Brain-derived neurotrophic factor (BDNF) is involved in neuronal and synaptic plasticity, neuronal excitability and neurogenesis especially in the hippocampus (Schmidt-Kastner et al., 1996, Koyama and Ikegaya, 2005). Depression in humans and animal models has been associated with reduced BDNF levels, whereas the use of antidepressants has been associated with an upregulation of BDNF in line with the ‘neurotrophic hypothesis’ of depression. However, negative and contradicting results falsify a simple causal relationship between brain BDNF levels and mood (see review by Groves, 2007). The SNP (rs6265) encoding Val66Met in the prodomain of BDNF has been extensively studied in mood disorders. The Met-allele has been associated with poorer episodic memory performance, reduced hippocampal volume and activity and less activity-dependent proBDNF secretion (Egan et al., 2003, Chen et al., 2004, Hariri et al., 2003, Pezawas et al., 2004). One recent meta analysis showed that the Met-allele was associated with depression among men (Verhagen et al., 2010) whereas another meta analysis showed no Val66Met association with depression (Chen et al., 2008).
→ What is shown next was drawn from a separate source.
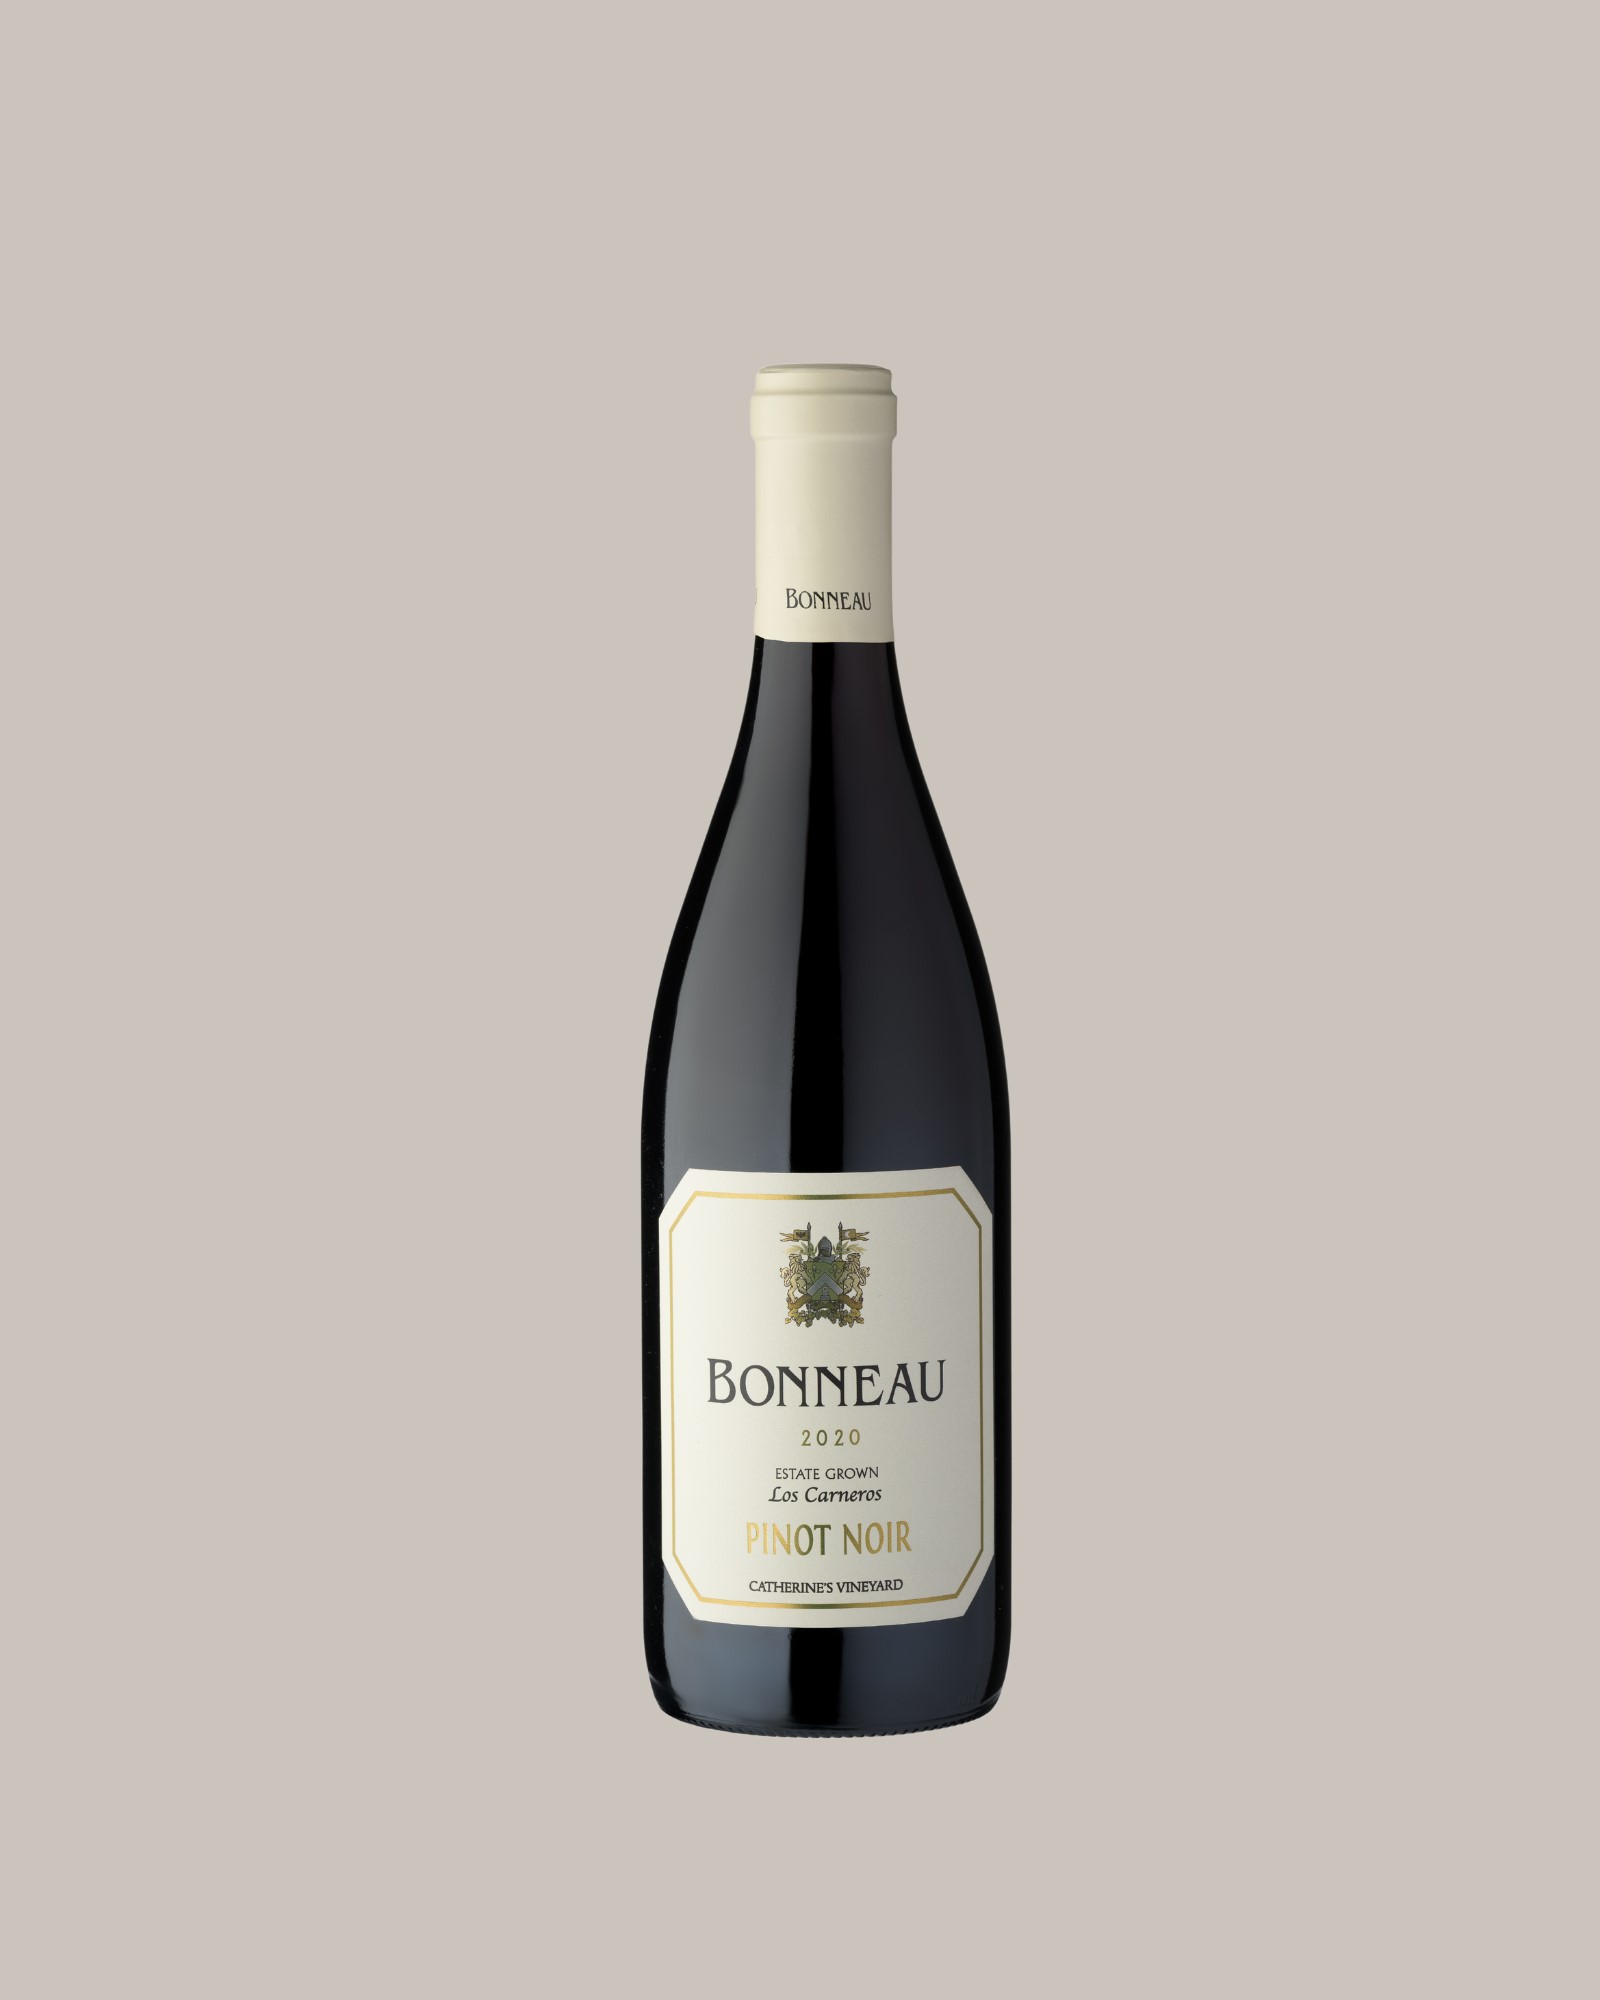 Product Image for Bonneau Pinot Noir, 2020

P2RX7 forms homomeric ATP-gated ion channels with high permeability for calcium influx. It activates microglial cells, and facilitates presynaptic neurotransmitter release from neurons, and cultured astrocytes, raising the possibility for involvement in the glia-neuron cross-talk where astrocytes can produce trophic factors promoting neurogenesis or neuronal survival (Sperlagh et al., 2006, Skaper et al., 2010), in line with the hypothesis of deficient neuroprotection/neurotrophy in depression. The C-terminal domain, known to be important for the P2RX7 function, harbors a Gln460Arg SNP (rs2230912) (Sperlagh et al., 2006). The Arg-allele G has been associated with both bipolar affective disorder (BPD) and recurrent major depression (Barden et al., 2006, Lucae et al., 2006, McQuillin et al., 2008).

CACNA1C encodes an L-typed voltage-dependent calcium channel subunit contributing to channels that influence neuronal excitability. Its candidacy was discovered in large genome-wide SNP association studies of BPD that showed SNPs in CACNA1C to be among the few significant associations, with strongest signal at the non-coding SNP rs1006737 with risk allele A (Wellcome Trust Case Control Consortium, 2007, Ferreira et al., 2008, Sklar et al., 2008). Association to allele A of rs1006737 was recently found also for recurrent major depression and schizophrenia in patients from the British Isles (Green et al., 2009).